Work to complete:
Set every line of the listing down again, keeping it identical.

..........

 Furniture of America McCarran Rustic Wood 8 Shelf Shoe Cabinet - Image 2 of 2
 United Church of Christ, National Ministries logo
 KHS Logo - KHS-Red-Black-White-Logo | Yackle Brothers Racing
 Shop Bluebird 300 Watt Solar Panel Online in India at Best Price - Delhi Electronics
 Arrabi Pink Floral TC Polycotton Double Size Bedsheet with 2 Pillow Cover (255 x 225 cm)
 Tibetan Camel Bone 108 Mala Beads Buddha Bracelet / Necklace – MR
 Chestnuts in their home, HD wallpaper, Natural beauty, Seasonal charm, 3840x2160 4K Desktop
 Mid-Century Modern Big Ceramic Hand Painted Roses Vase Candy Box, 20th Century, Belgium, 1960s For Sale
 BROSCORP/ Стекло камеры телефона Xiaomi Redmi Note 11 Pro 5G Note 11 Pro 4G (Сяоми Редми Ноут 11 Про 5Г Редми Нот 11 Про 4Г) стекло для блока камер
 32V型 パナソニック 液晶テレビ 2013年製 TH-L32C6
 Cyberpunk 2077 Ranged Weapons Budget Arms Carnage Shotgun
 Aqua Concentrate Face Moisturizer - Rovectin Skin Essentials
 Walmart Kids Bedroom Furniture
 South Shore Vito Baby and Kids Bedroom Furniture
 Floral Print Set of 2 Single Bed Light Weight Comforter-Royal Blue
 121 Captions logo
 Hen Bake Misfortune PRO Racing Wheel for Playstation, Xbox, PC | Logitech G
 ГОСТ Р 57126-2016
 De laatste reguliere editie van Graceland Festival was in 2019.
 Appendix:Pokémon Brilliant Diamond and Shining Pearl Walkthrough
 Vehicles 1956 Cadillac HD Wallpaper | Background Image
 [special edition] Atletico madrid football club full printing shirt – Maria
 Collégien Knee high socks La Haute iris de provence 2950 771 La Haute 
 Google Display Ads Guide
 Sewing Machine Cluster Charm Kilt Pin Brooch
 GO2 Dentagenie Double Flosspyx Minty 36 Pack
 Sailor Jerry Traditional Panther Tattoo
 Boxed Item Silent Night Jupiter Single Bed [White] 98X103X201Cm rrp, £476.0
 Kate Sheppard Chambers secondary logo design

..........

Exercise result:
 Furniture of America McCarran Rustic Wood 8 Shelf Shoe Cabinet - Image 2 of 2
 United Church of Christ, National Ministries logo
 KHS Logo - KHS-Red-Black-White-Logo | Yackle Brothers Racing
 Shop Bluebird 300 Watt Solar Panel Online in India at Best Price - Delhi Electronics
 Arrabi Pink Floral TC Polycotton Double Size Bedsheet with 2 Pillow Cover (255 x 225 cm)
 Tibetan Camel Bone 108 Mala Beads Buddha Bracelet / Necklace – MR
 Chestnuts in their home, HD wallpaper, Natural beauty, Seasonal charm, 3840x2160 4K Desktop
 Mid-Century Modern Big Ceramic Hand Painted Roses Vase Candy Box, 20th Century, Belgium, 1960s For Sale
 BROSCORP/ Стекло камеры телефона Xiaomi Redmi Note 11 Pro 5G Note 11 Pro 4G (Сяоми Редми Ноут 11 Про 5Г Редми Нот 11 Про 4Г) стекло для блока камер
 32V型 パナソニック 液晶テレビ 2013年製 TH-L32C6
 Cyberpunk 2077 Ranged Weapons Budget Arms Carnage Shotgun
 Aqua Concentrate Face Moisturizer - Rovectin Skin Essentials
 Walmart Kids Bedroom Furniture
 South Shore Vito Baby and Kids Bedroom Furniture
 Floral Print Set of 2 Single Bed Light Weight Comforter-Royal Blue
 121 Captions logo
 Hen Bake Misfortune PRO Racing Wheel for Playstation, Xbox, PC | Logitech G
 ГОСТ Р 57126-2016
 De laatste reguliere editie van Graceland Festival was in 2019.
 Appendix:Pokémon Brilliant Diamond and Shining Pearl Walkthrough
 Vehicles 1956 Cadillac HD Wallpaper | Background Image
 [special edition] Atletico madrid football club full printing shirt – Maria
 Collégien Knee high socks La Haute iris de provence 2950 771 La Haute 
 Google Display Ads Guide
 Sewing Machine Cluster Charm Kilt Pin Brooch
 GO2 Dentagenie Double Flosspyx Minty 36 Pack
 Sailor Jerry Traditional Panther Tattoo
 Boxed Item Silent Night Jupiter Single Bed [White] 98X103X201Cm rrp, £476.0
 Kate Sheppard Chambers secondary logo design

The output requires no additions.